Multiple sclerosis is an unpredictable, often disabling disease of the central nervous system that disrupts the flow of information within the brain, and between the brain and body. Symptoms range from numbness and tingling to blindness and paralysis. The progress, severity and specific symptoms of MS in any one person cannot yet be predicted, but advances in research and treatment are leading to better understanding and moving us closer to a world free of MS.

Now, in a similar pursuit, researchers at the University of Florida, took a novel approach to turn off immune attacks in mice with an MS-like disease. They have reportedly managed to prevent a mouse version of MS by combining a brain-protein gene. The treatment produced near-complete remission in the animal models.

Delivering regulatory T cells, or Tregs, to an MS patients is an attractive way to rein in the self-destructive nature of the effector T cells involved in the ailment, but this method is not particularly long-lasting. Therefore, the team of researchers used an adeno-associated virus to transfer the protein myelin oligodendrocyte glycoprotein to the liver in mouse models of MS.

This treatment stimulated Tregs to curb self-reactive effector T cells, thereby protecting myelin and preventing mice from

developing MS symptoms for seven months. It also reversed mild and moderate neurological symptoms, and restored mobility in mice with hind-leg paralysis.

Mice that were treated with the therapy were seen to not develop the disease. They also had higher numbers of Tregs in their blood. This supported the notion that the therapy works by harnessing the tolerogenic mechanisms that prevent an immune response.

Much more importantly, the therapy could reverse disease, the researchers discovered. The treatment even improved walking ability in mice with severe paralysis of their hind legs. Tests in earlier disease stages showed equally good results.
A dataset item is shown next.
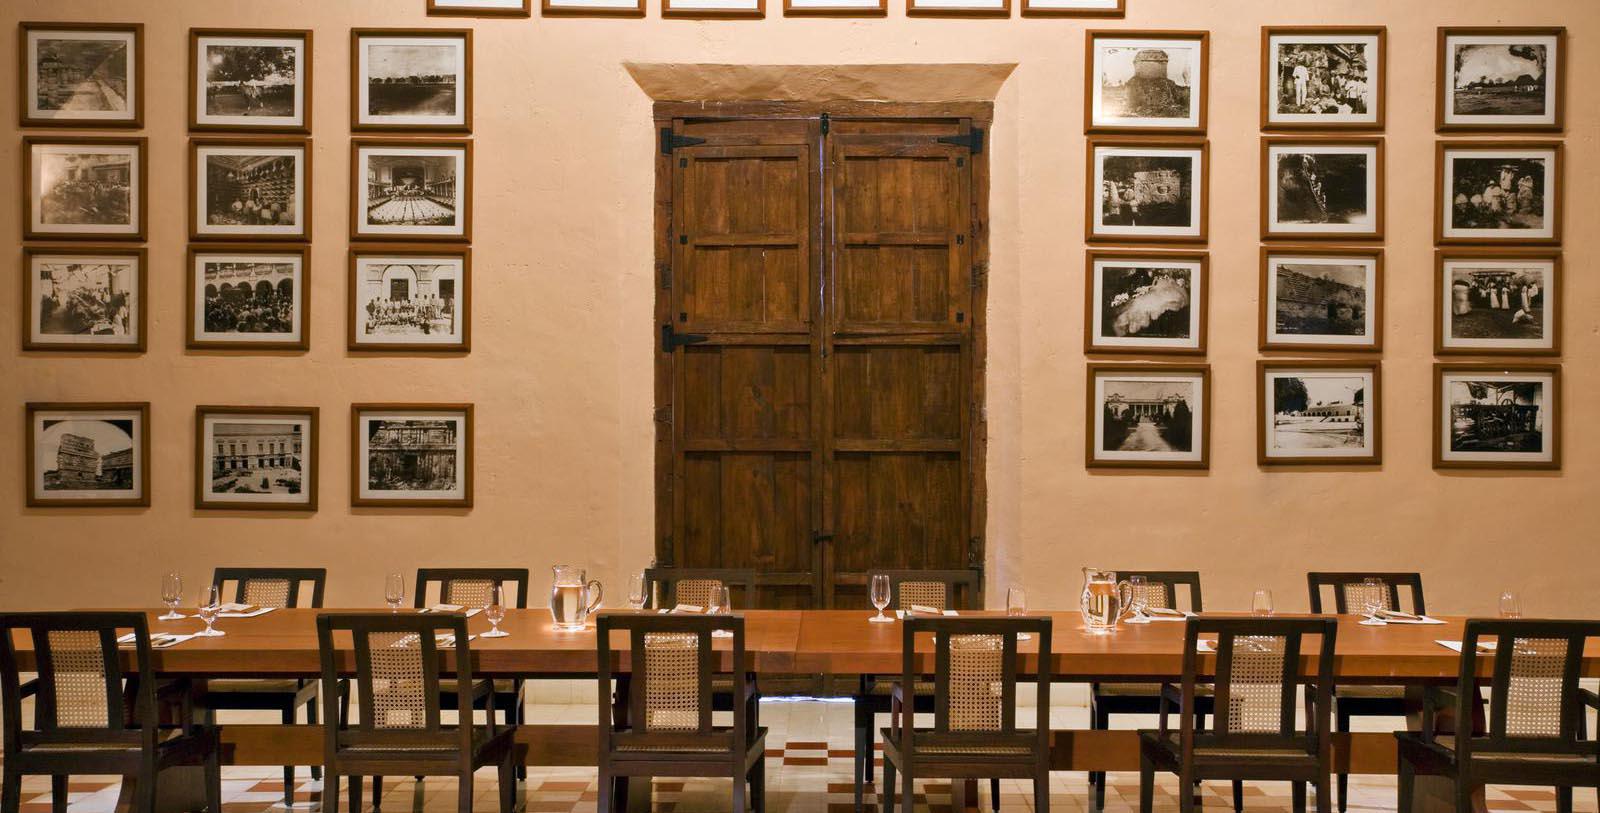 Image of Meeting Room Boardroom, Hacienda Temozon, A Luxury Collection Hotel, Temozon Sur, Mexico, 1655, Member of Historic Hotels Worldwide, Special Occasions

The effects were also durable, researchers said. Treated animals lived for seven months without showing signs of disease, while all the control mice had neurological problems after two weeks.

Another round of tests found that the therapy was even more effective if the protein was combined with a drug called rapamycin. Often used to prevent patients’ bodies from rejecting transplanted organs, rapamycin works by increasing the numbers of regulatory T cells and block other aggressive types of T cells.

The researchers tested the combination of the gene therapy and rapamycin on two groups of mice that had had their hind legs paralyzed by the disease. Sure enough, 71 percent of the mice in one group and 80 percent in the other were almost completely healed.

While researchers have established how gene therapy stimulates regulatory T cells in the liver, Brad E. Hoffman, co-author of the study said, little else is known about the detailed mechanics of how that process works.

Before the therapy can be tested in humans during a clinical trial, further research involving other preclinical models will be needed, Hoffman said. Researchers also need to target the full suite of proteins that are implicated in multiple sclerosis, he added.

We have demonstrated that stable immune tolerance can be re-established and that active disease can be stopped and clinical symptoms reversed using our gene immunotherapy, especially during early onset of disease,” Hoffman said. “Even though these studies were performed in a less complex mouse model, the data suggest this may be a potential therapy in humans with additional optimization.

Hoffman expects clinical trials to start in three to five years and if everything goes well, the treatment could go to market in 10 years.

If we can provide a long-term treatment for these patients that have very little side effects and they have a higher quality of life, that would be a successful result for me,” Hoffman said.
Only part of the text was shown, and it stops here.